For decades, the bottleneck in software development was writing code. Design the feature, figure out the logic, type it out, test it, fix it, ship it. The constraint was the speed at which a human could translate intent into working software.

AI coding tools have effectively dissolved that constraint. GitHub’s Octoverse report shows that 41% of new code on the platform is now AI-assisted. Cognition claims 30% of its own codebase is Devin-generated. Microsoft reports a similar figure for Copilot contributions. Google says 25% of its new code comes from AI.

The code is getting written. The question is who reads it.

Faros AI analyzed data across 10,000 developers and found a 98% increase in pull request volume alongside a 91% increase in review time. That is not a rounding error. It means the volume of code waiting for human review has nearly doubled, and the time humans spend reviewing each piece has nearly doubled as well. The review pipeline is collapsing under the weight of AI output.

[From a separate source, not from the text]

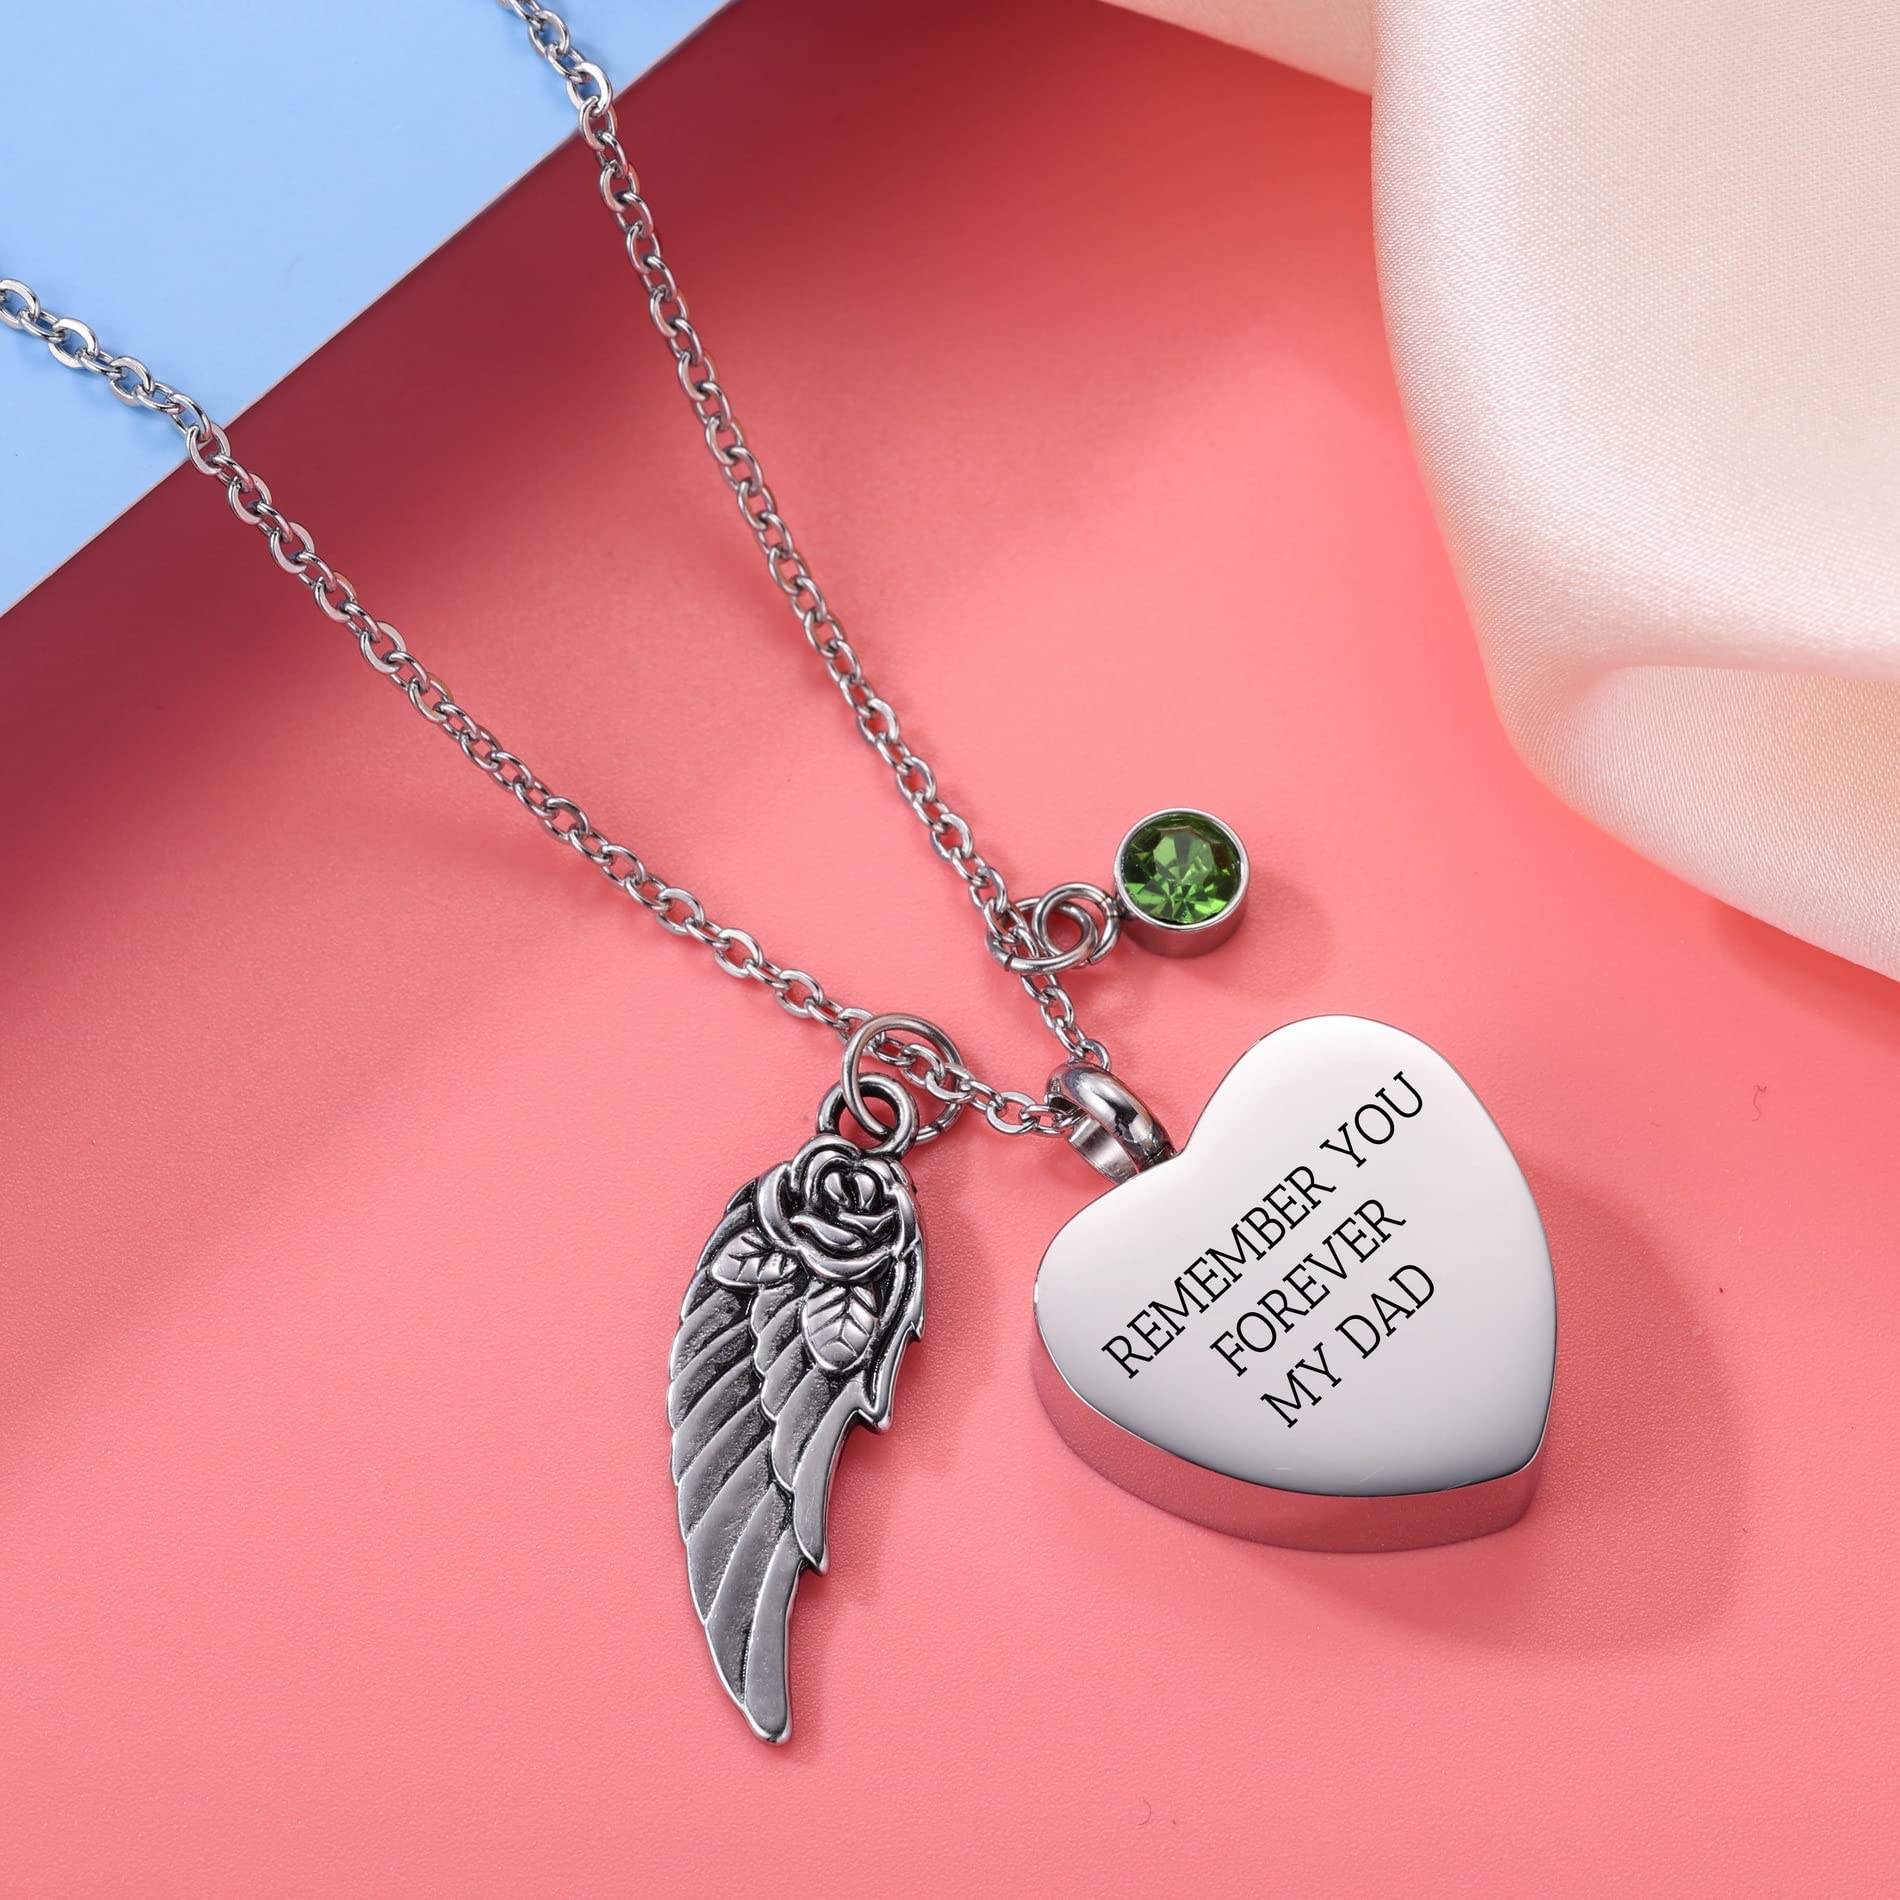 OTXIXTO Personalized Angel Wing Pendant Heart Urn Necklace Engraving Photo/Name for Men Women Girl with Birthstone Stainless Steel Pet Human Ashes Holder Memorial Keepsake Cremation Funnel Kit

Werner Vogels, Amazon’s CTO, put it plainly at re:Invent 2025: “You will write less code. You will review more code.”

The market has noticed. Cursor acquired Graphite, a code review platform, for over $290 million in December 2025. That acquisition makes no sense if code review is a solved problem. It makes perfect sense if code review is the new critical path.

The Productivity Paradox

Here is the part that should concern anyone making investment decisions around AI development tools.

Atlassian’s 2025 developer survey found that 99% of developers using AI tools report saving more than 10 hours per week. That sounds remarkable. But the same report found no measurable decrease in overall workload. More code is being produced. More code requires review. More code introduces dependencies, edge cases, and maintenance obligations. The time saved on generation is consumed by the overhead of everything that comes after generation.

A study from METR (Model Evaluation and Threat Research) found something more striking: AI coding tools resulted in a 19% net slowdown in task completion, despite users believing they were 20% faster. The subjective experience of productivity diverged sharply from the objective measurement of it.

This is not an argument against AI coding tools. It is an argument against the assumption that faster code generation automatically produces faster delivery. Generation is one step in a pipeline. If every other step in the pipeline --- review, testing, integration, security analysis, maintenance --- is unchanged or degraded, then faster generation produces more work-in-progress, not more finished work.

CodeRabbit’s data indicates that AI-assisted code reviews surface 1.7 times more issues per review than purely human reviews. That is partly because AI can detect patterns humans miss, but it is also because AI-generated code contains patterns that require more scrutiny. Senior engineers report spending 4.3 minutes reviewing AI-generated code suggestions compared to 1.2 minutes for human-written code. The code looks clean. The logic requires deeper inspection.

The Junior Engineer Ceiling

Cognition’s own internal heuristic is revealing. Dabit describes the rule for assigning work to Devin: “If a junior engineer could figure it out with sufficient instructions, it’s a good Devin task.”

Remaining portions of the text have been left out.